> Problem to work on: Reproduce every line below exactly as written; do not include the images.

> Information provided:
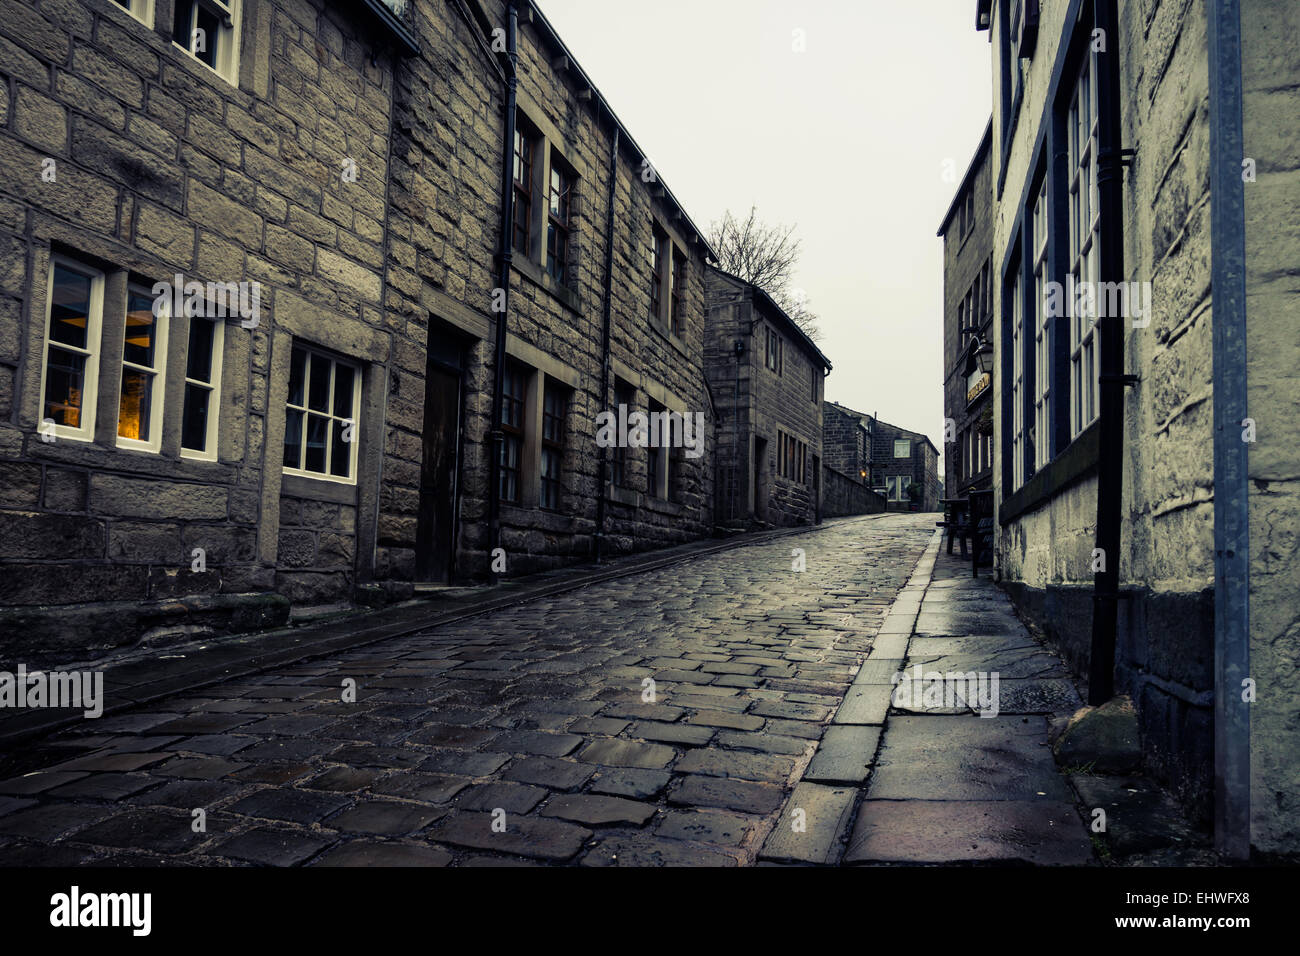 Houses on Town Gate cobbled street in Heptonstall, Yorkshire England on a wet winter day. December 2014 Stock Photo
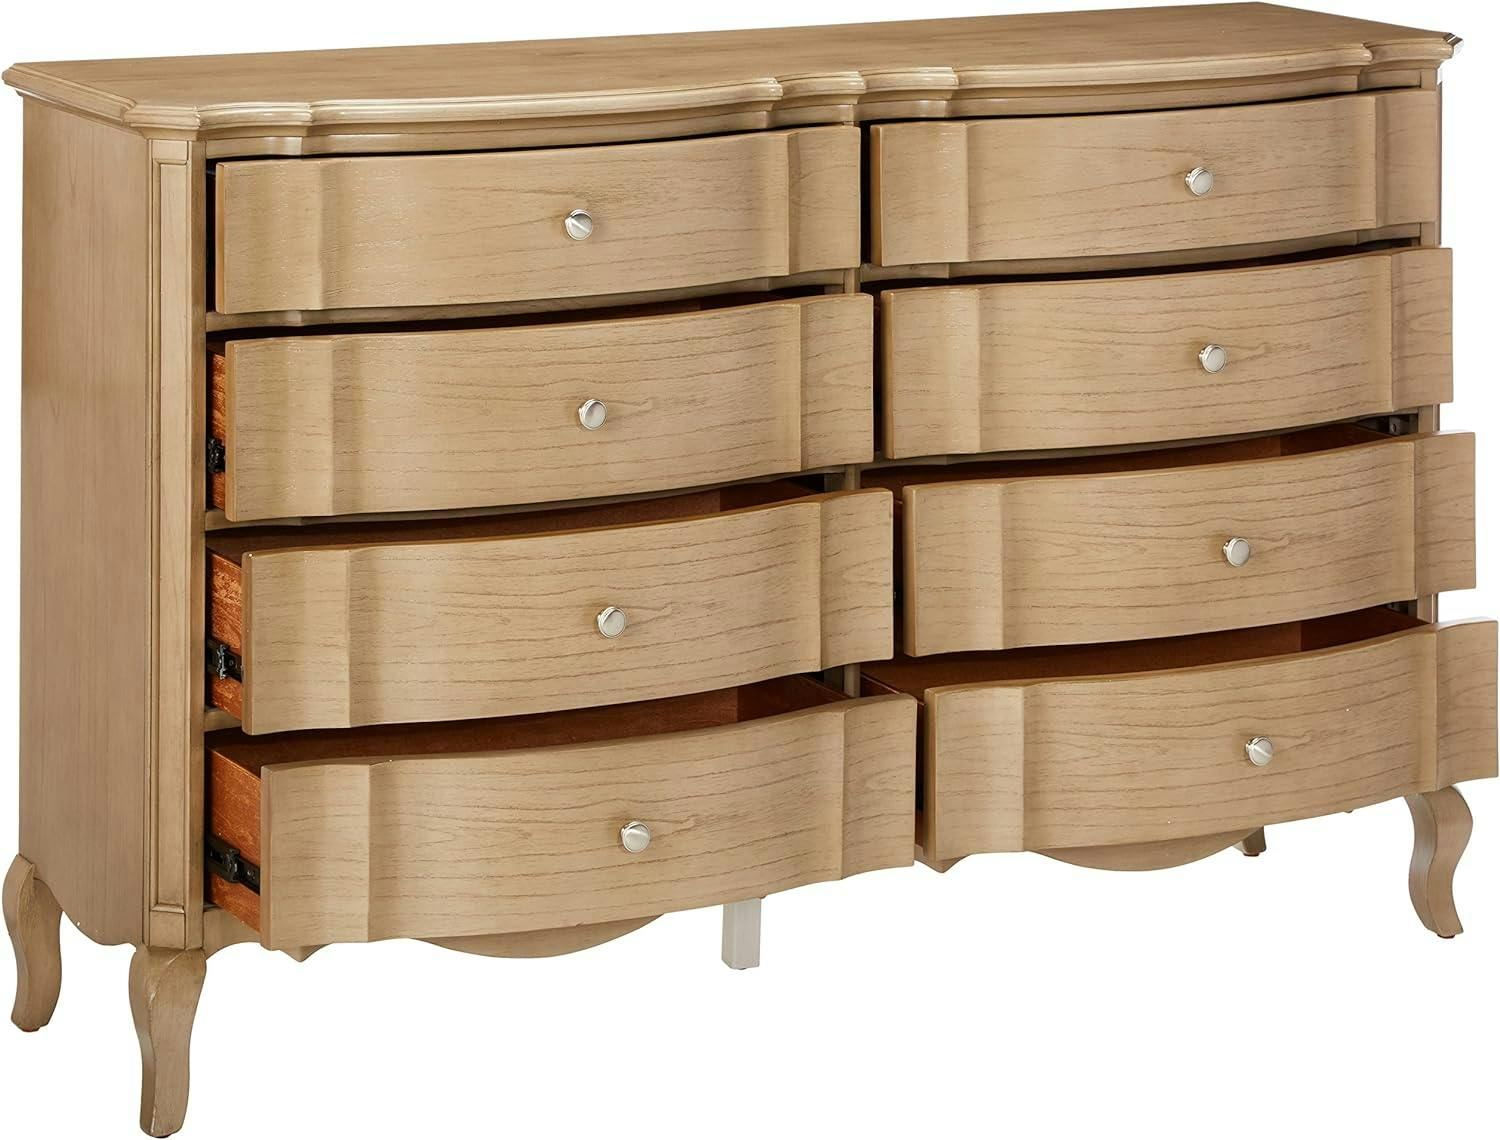 Elegant Antique Taupe Dresser with Dovetail and Felt-Lined Drawers
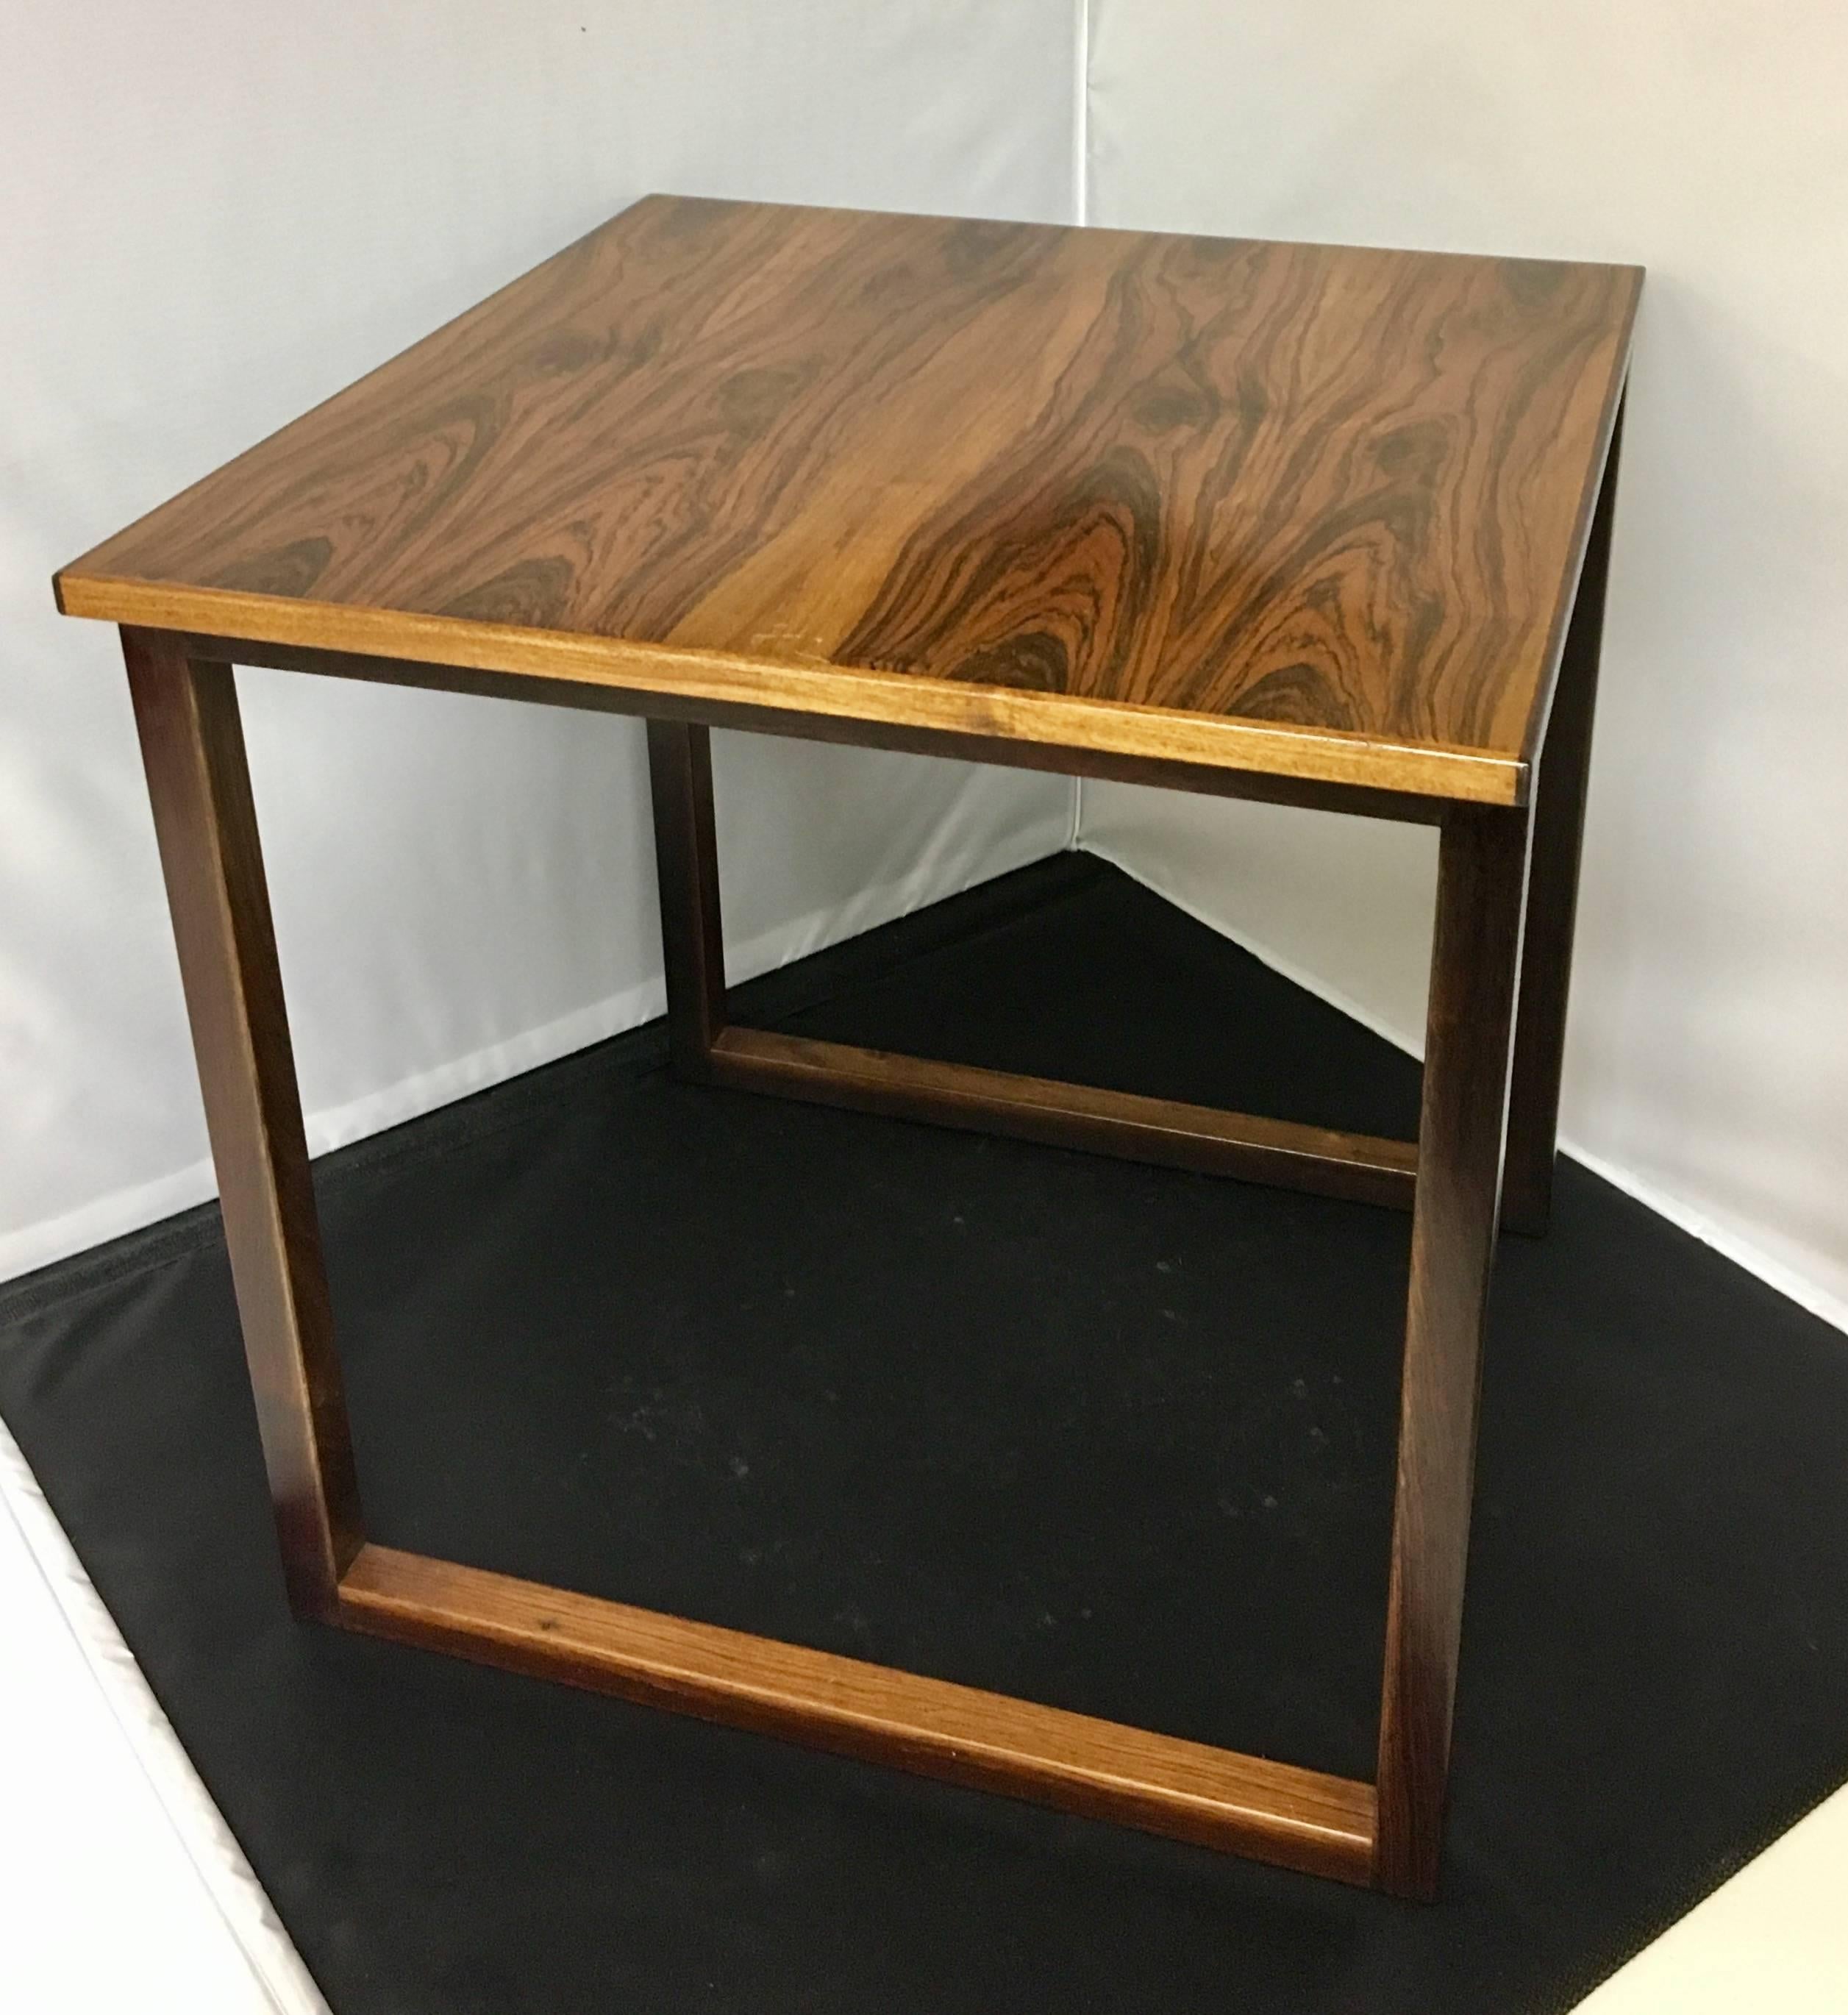 Simple elegant rosewood small square cocktail end table nice solid rosewood legs, high craftsmanship and beautiful grain.
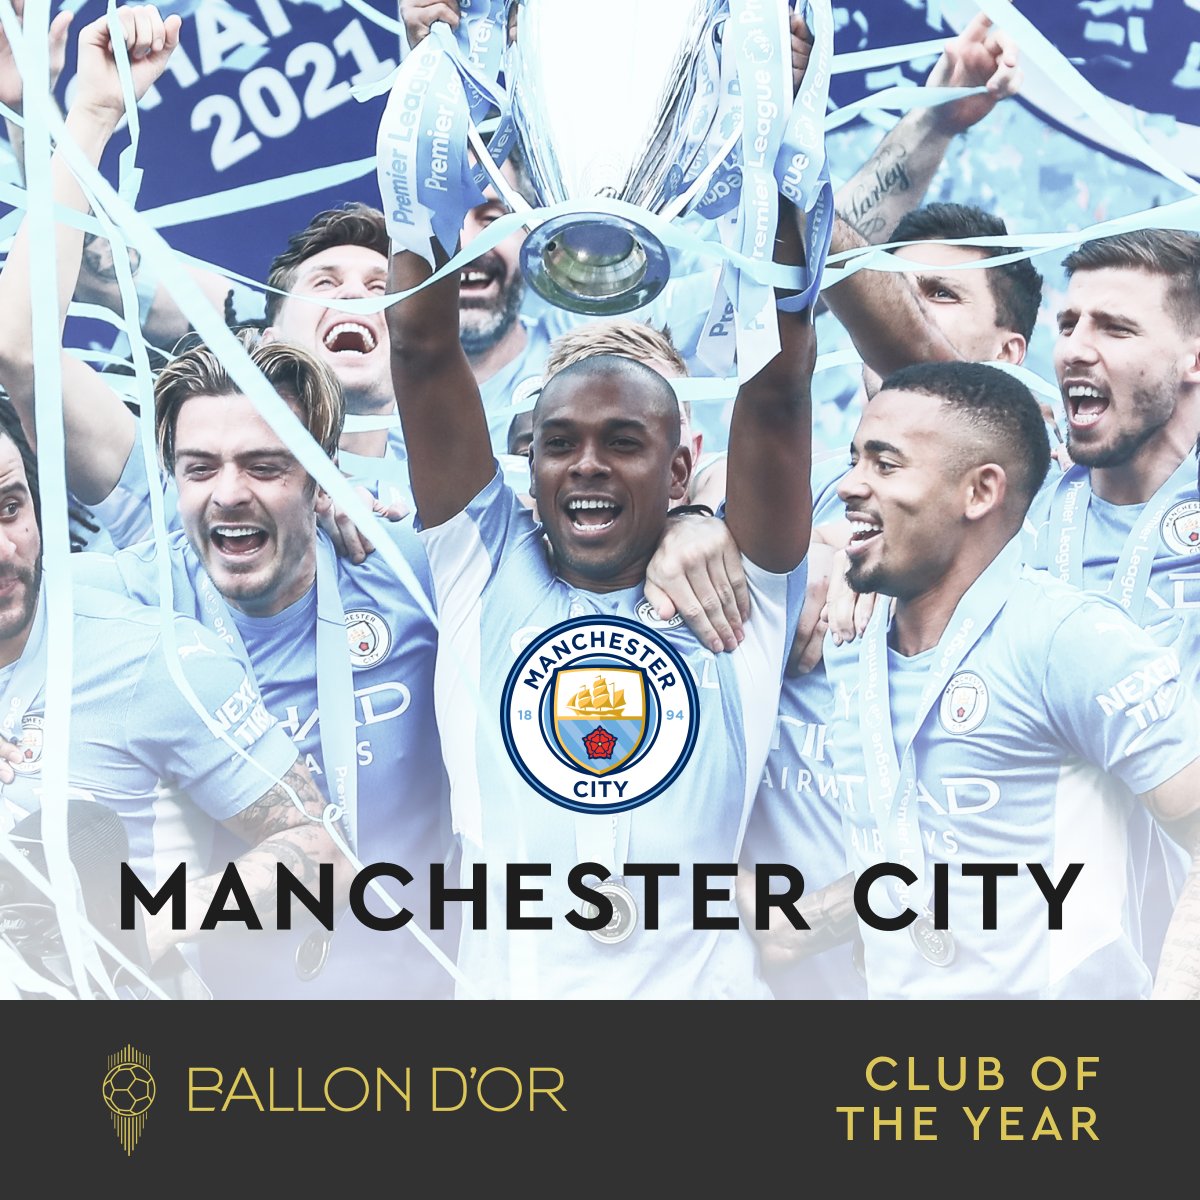 Manchester City is the club of the year! Congrats @ManCity 💙 #clubdelannée #ballondor

> Result for this task:
 Houses on Town Gate cobbled street in Heptonstall, Yorkshire England on a wet winter day. December 2014 Stock Photo
 Elegant Antique Taupe Dresser with Dovetail and Felt-Lined Drawers
 Simple elegant rosewood small square cocktail end table nice solid rosewood legs, high craftsmanship and beautiful grain.
 Manchester City is the club of the year! Congrats @ManCity 💙 #clubdelannée #ballondor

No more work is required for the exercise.